Johnson is proving not to be a slave to his far right, which in turn will either result in his being removed liked McCarthy or perhaps start off a return to more normal behavior.
November 16, 2023
The Senate also passed the spending bill.
December 1, 2023
George Santos has been expelled from Congress.
December 2, 2023
Following up on this, the expulsion of Santos is real progress as by doing in the GOP is potentially cutting into its three vote margin in the House, and did it anyway. It shows, at long last, that there are some standards which cannot be breached.
December 6, 2023
Getting a jump on behaving like a Soviet court in the early USSR, House Judiciary Committee Chairman Jim Jordan and a subcommittee chairman on the House Administration Committee announced Tuesday that they would be investigating any "cooperation" between Fulton County, Georgia, District Attorney Fani Willis and the former House Jan. 6 committee.

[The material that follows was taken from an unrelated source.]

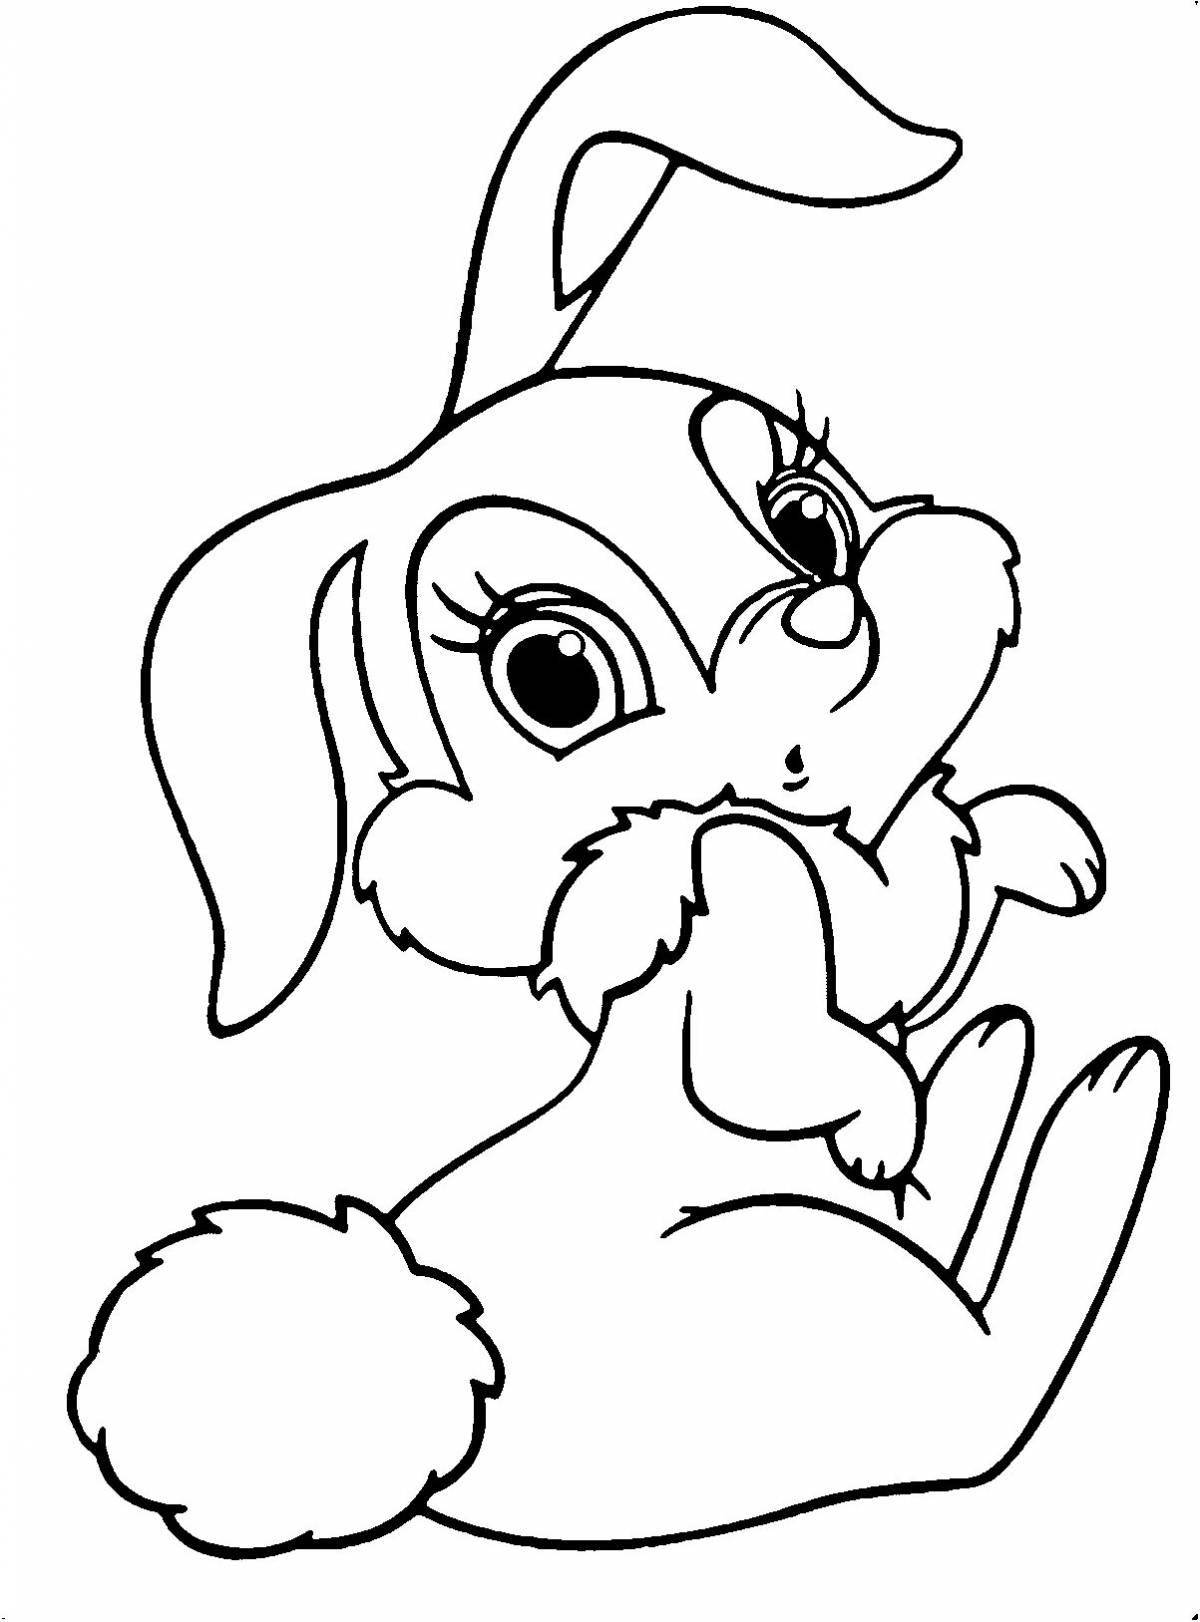 Wiggly dog ​​with heart coloring page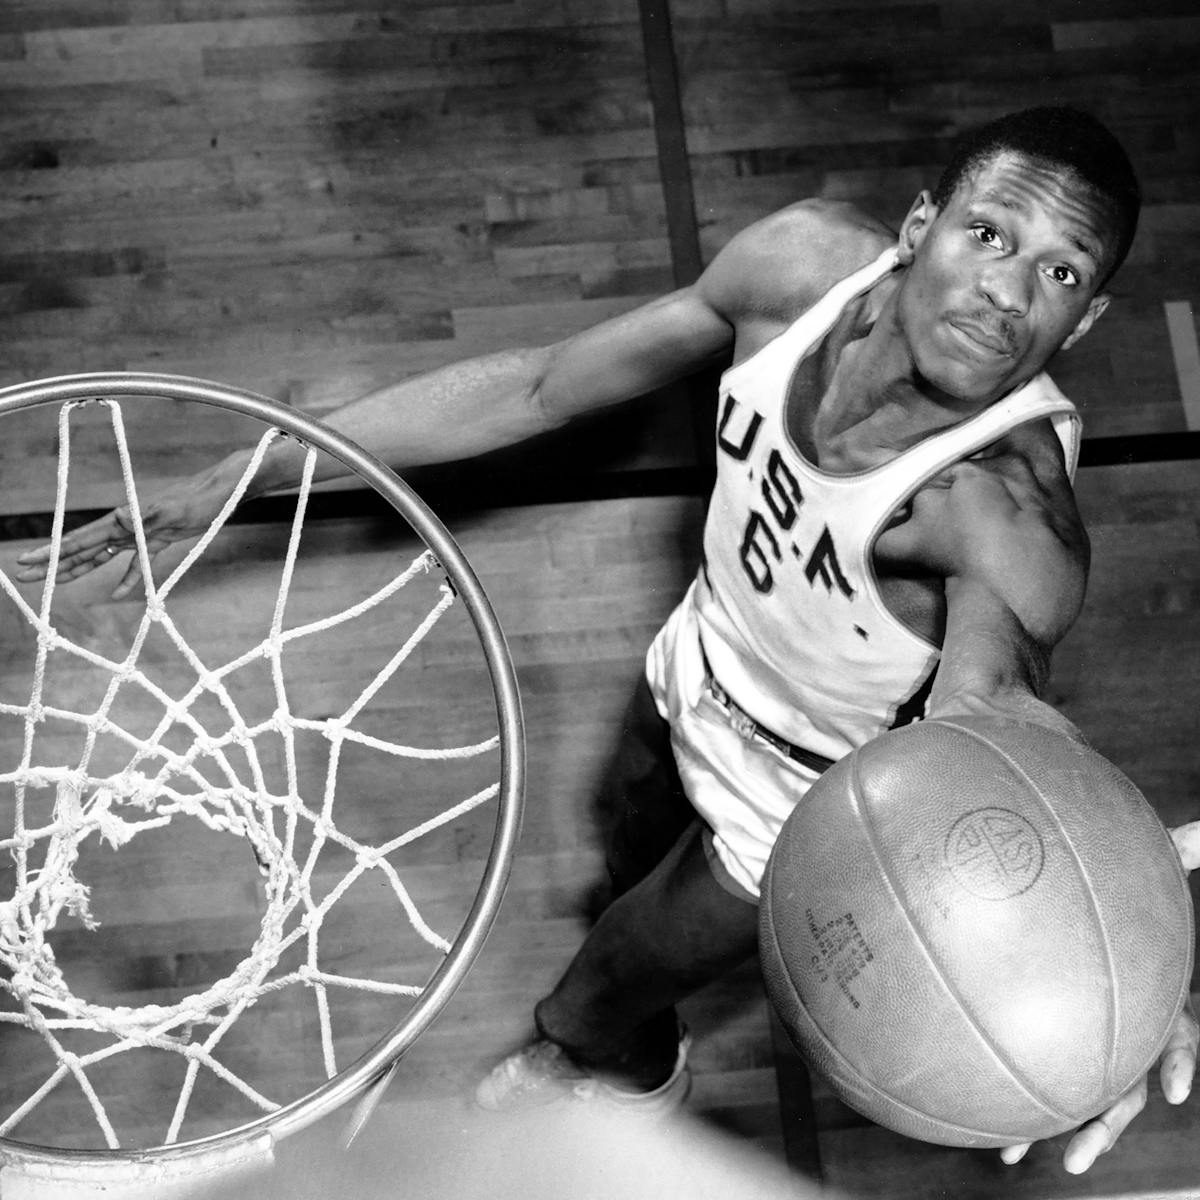 A black-and-white shot of Bill Russell from above, as he is about to lay the ball into the hoop.

Because, after all, it would be awful if the Dear Leader's behavior were to have come fully to light, as that would demonstrate independence of thought and loyalty to the truth. We can't have that.
Cont:
Kevin McCarthy, who was complicit in Trump's recovery from his brief fall from Republican grace, and who rode Trump's favor into a brief Speakership, shall resign from Congress at the end of this month. In so doing, he stated: “I have decided to depart the House at the end of this year to serve America in new ways". This will reduce the GOP majority in the House down to a single seat, at least temporarily.
December 14, 2023
The House is going to have a totally pointless impeachment inquiry regarding Joe Biden based on his son Hunter's conduct and baseless allegations that Hunter's business dealings involve his father.
Some assert that this is revenge dictated by "one day dictator" hopeful Donald Trump, whose own children certainly were active under his name during his presidency. Trading on a famous parent's name certainly isn't illegal, and is frankly nearly inevitable. Congressional Medal of Honor Winner Theodore Roosevelt Jr certainly didn't become well known independently. Of course, the baseless allegations here are that Biden was somehow involved in Hunter Biden's activities.
Whether Donald Trump ordered this or not, the level of delusion in the GOP side of the House of Representatives is sufficient to have likely brought this about independently. Ironically, it's now come to light that the individual who will head this sorry affair, James Comer, has a complicated set of financial arrangements not unlike that of Hunter Biden, although he's not being accused of illegal activities.
At any rate, there are not enough votes right now to impeach Biden, and this is yet another example of the House of Representatives, under GOP control, doing something political that will do nothing whatsoever other than to distract.
All the Republicans voted for the measure, all the Democrats voted against it.
The long ago days under Kevin McCarthy already look better.